Ten Years A Food Blogger
Dear Me of Ten Years Ago,
Let’s see if I can remember the moment. You’re in your room of the apartment you share in Atlanta, Georgia with your friend Lauren, avoiding the stack of law school homework on your desk, and trying out potential blog names on Typepad. A week earlier, you posted a question on Ask Metafilter: “How do I become an internet phenomenon?” You asked that question in a manner that was both tongue-in-cheek and sincere. In a few months you’ll graduate law school, and then what? A career as a lawyer? Litigating toxic torts for the law firm where you spent your previous summer in L.A.? The folks on Ask Metafilter offer advice, but this nugget from Aaorn stands out: “Having a single, narrowly-focused topic (assuming it’s an interesting single topic) will draw people more consistantly than a hodgepodge of random things that interest you.” Until you read that, you considered just doing an Adam Roberts blog with bits about musicals and books and the occasional recipe; but, really thinking it over, you realize that food–a subject that’s fascinated you ever since, two years earlier, you started watching Sara Moulton and Mario Batali on the Food Network–is something you’d enjoy blogging about on a regular basis. You type the words “amateur gourmet” into the HTML box and hit publish.

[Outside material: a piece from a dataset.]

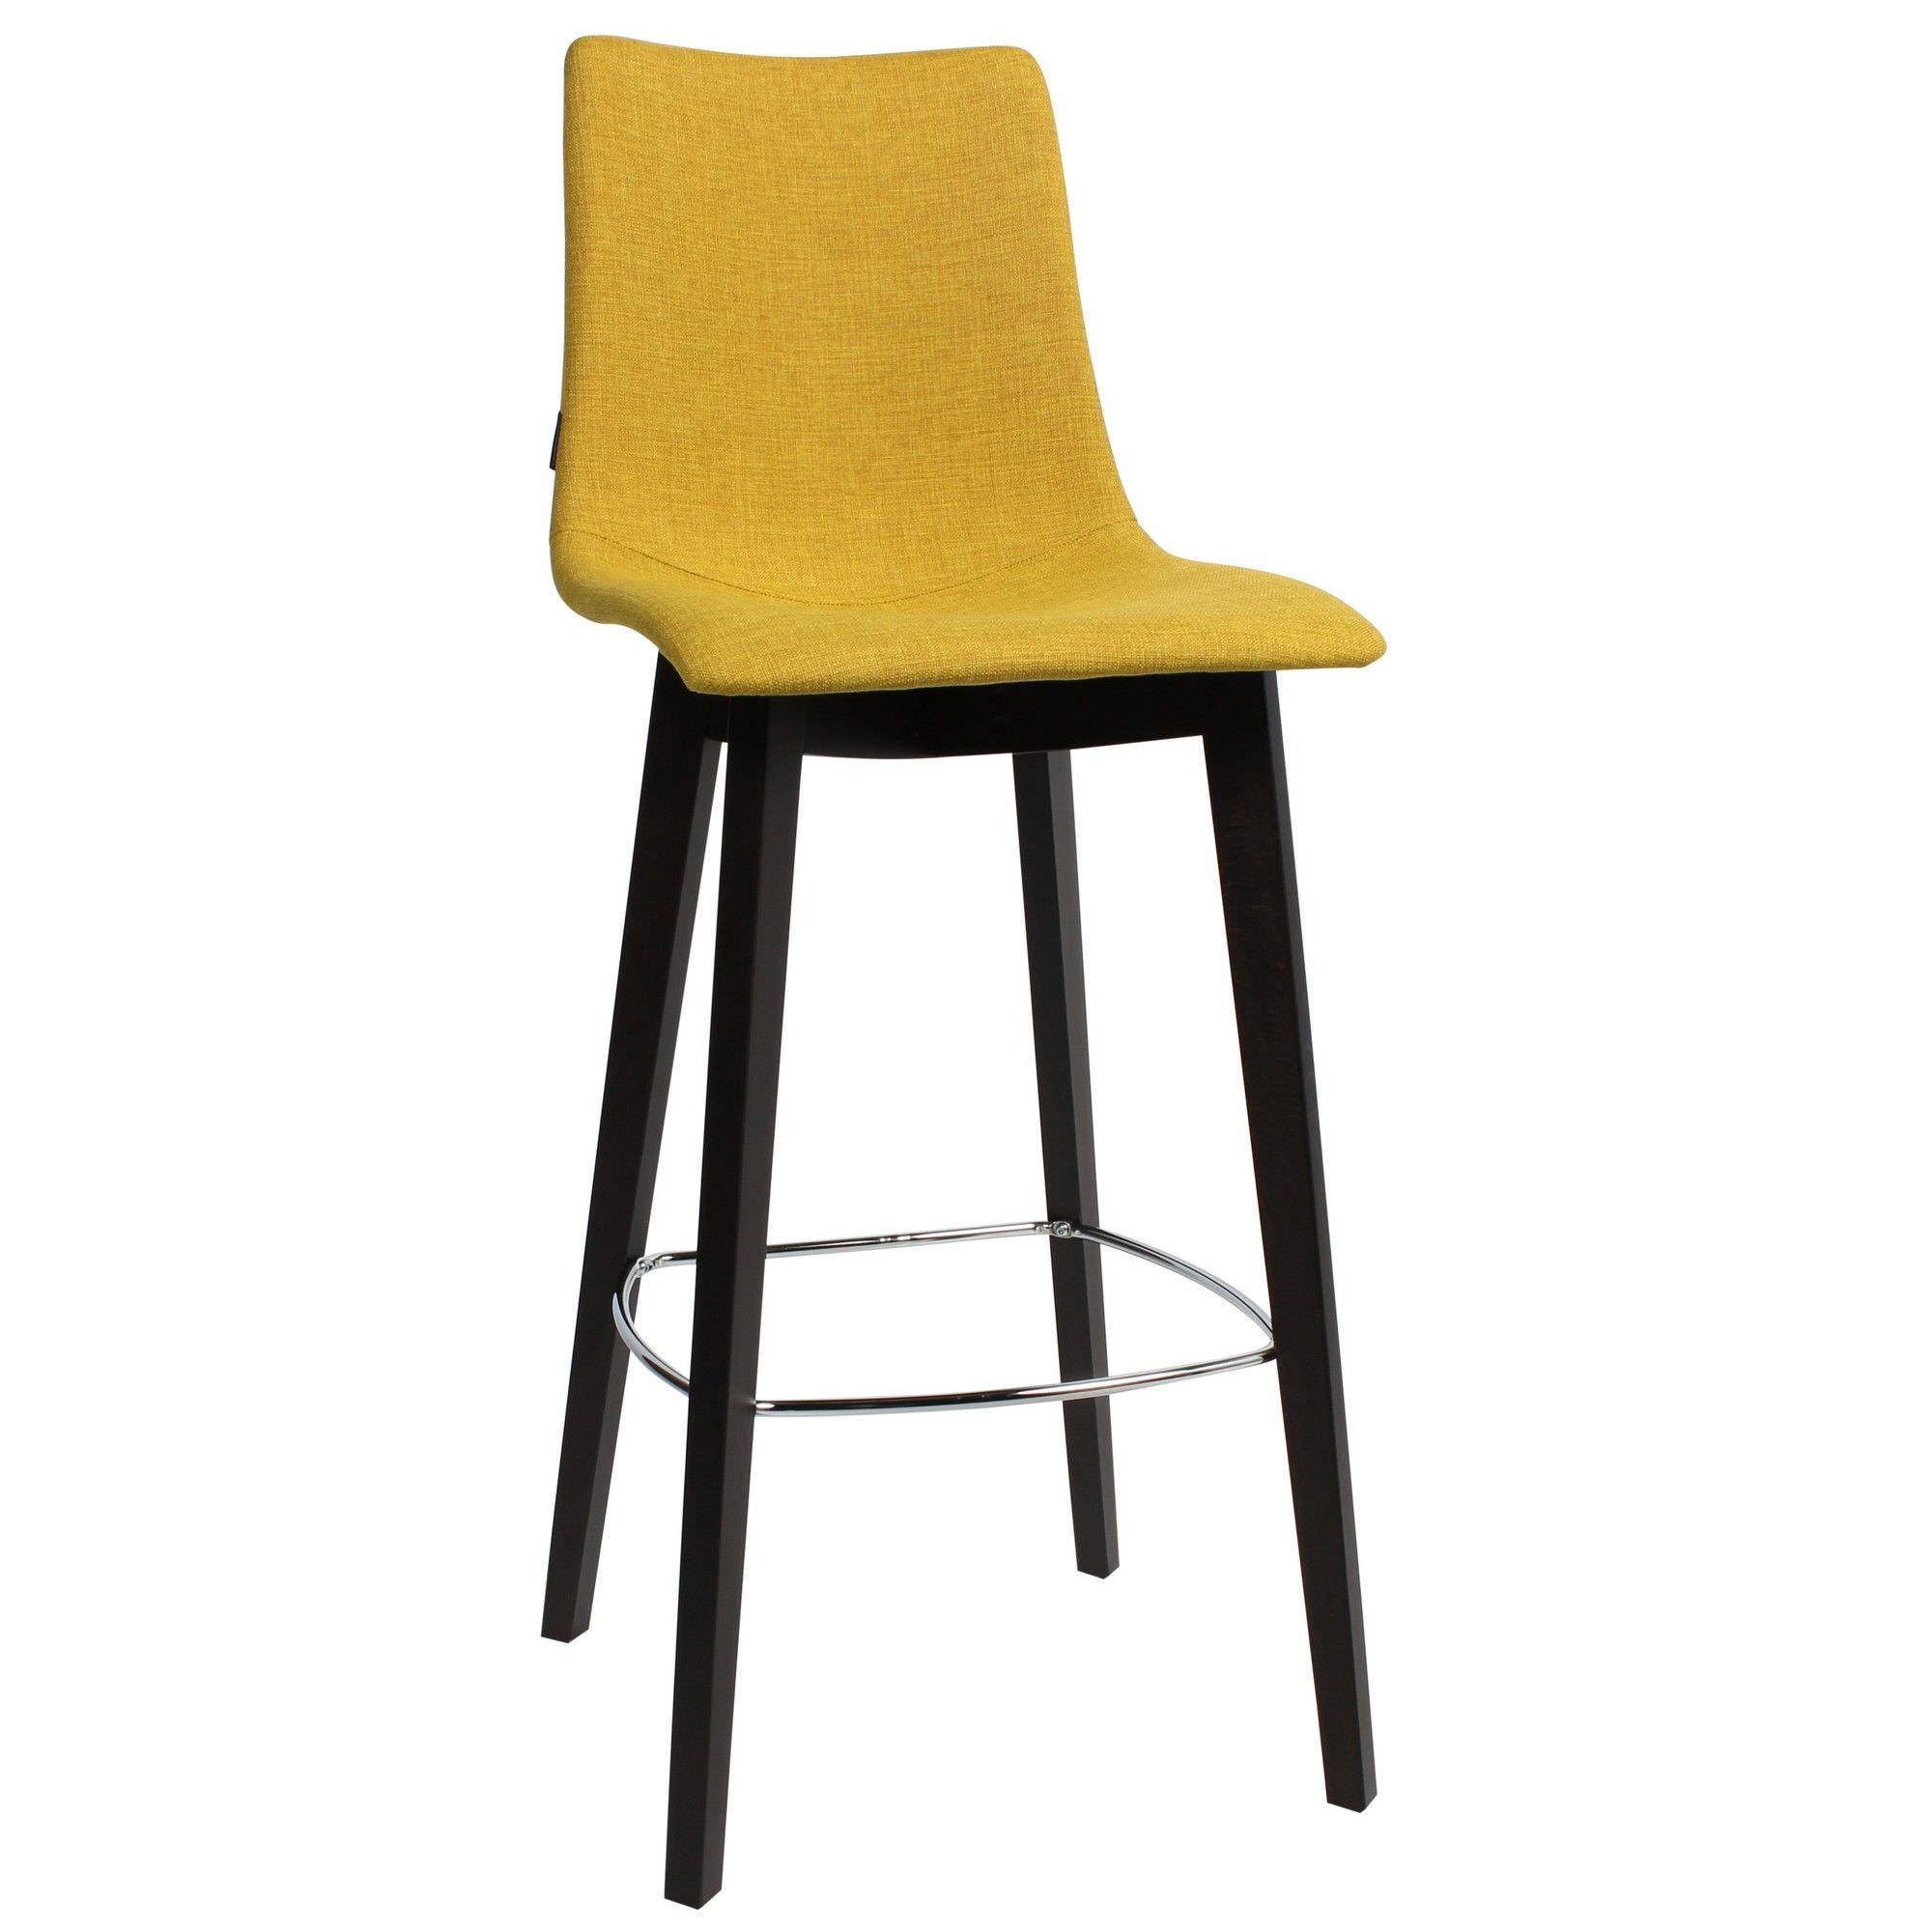 Zebra Pop Italian Made Commercial Grade Fabric Bar Stool, Timber Leg, Saffron / Wenge
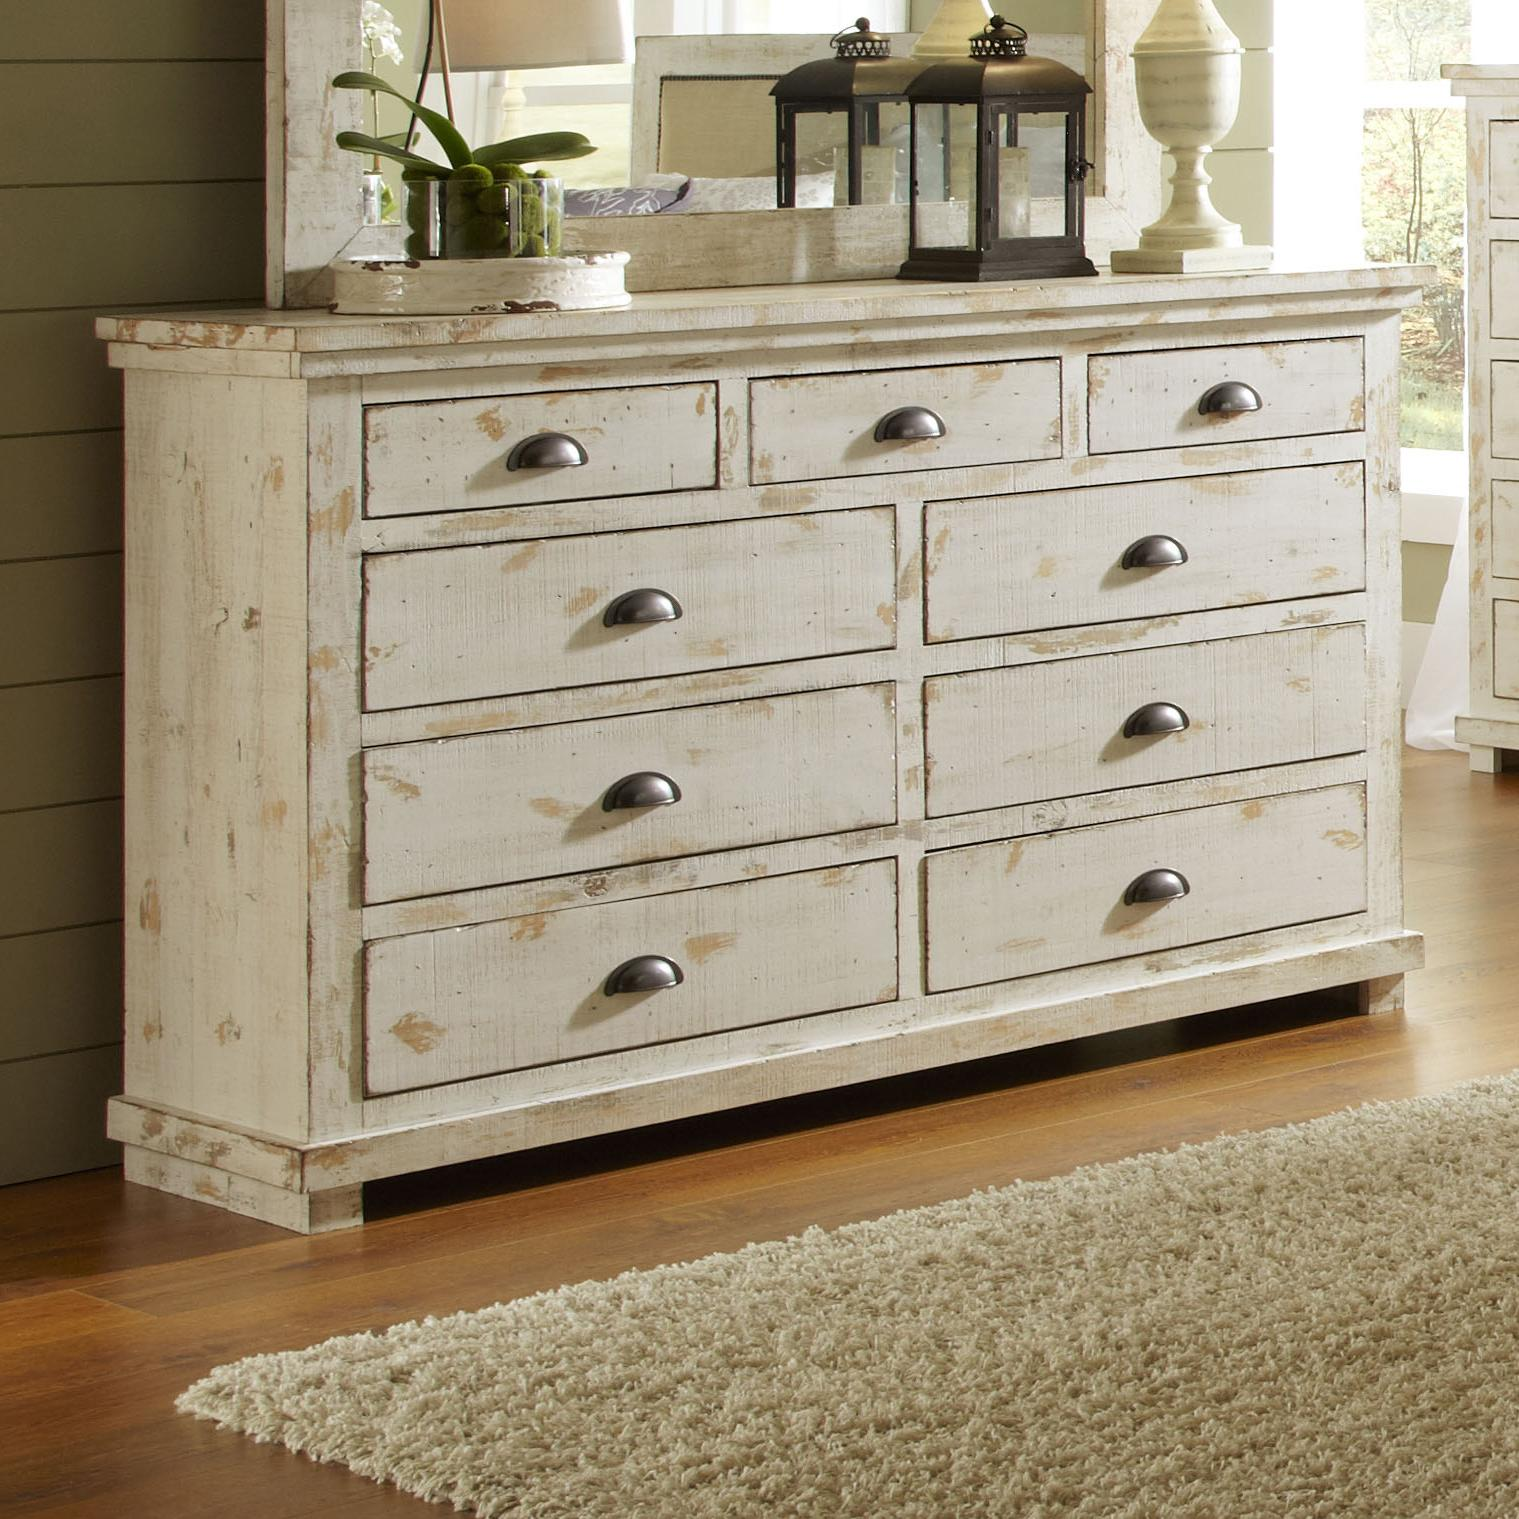 Progressive furniture willow distressed pine drawer dresser wayside furniture dressers for Distressed pine bedroom furniture

A few minutes later, you write your first post–“The Birth of An Amateur Icon”–and send it out into the ether. You then frantically wait for your first comment. It comes from your friend Josh who, along with his wife Katy, urged you start the blog in the first place. Katy, I’d soon learn, would be my first troll, with comments like: “OMG!!!! You are HILARIOUZZZ!!! Are you singel seriously because I LOVE GUYZ WHO ARE FUNNY AND ALOS I LOVE FOOD!!!!”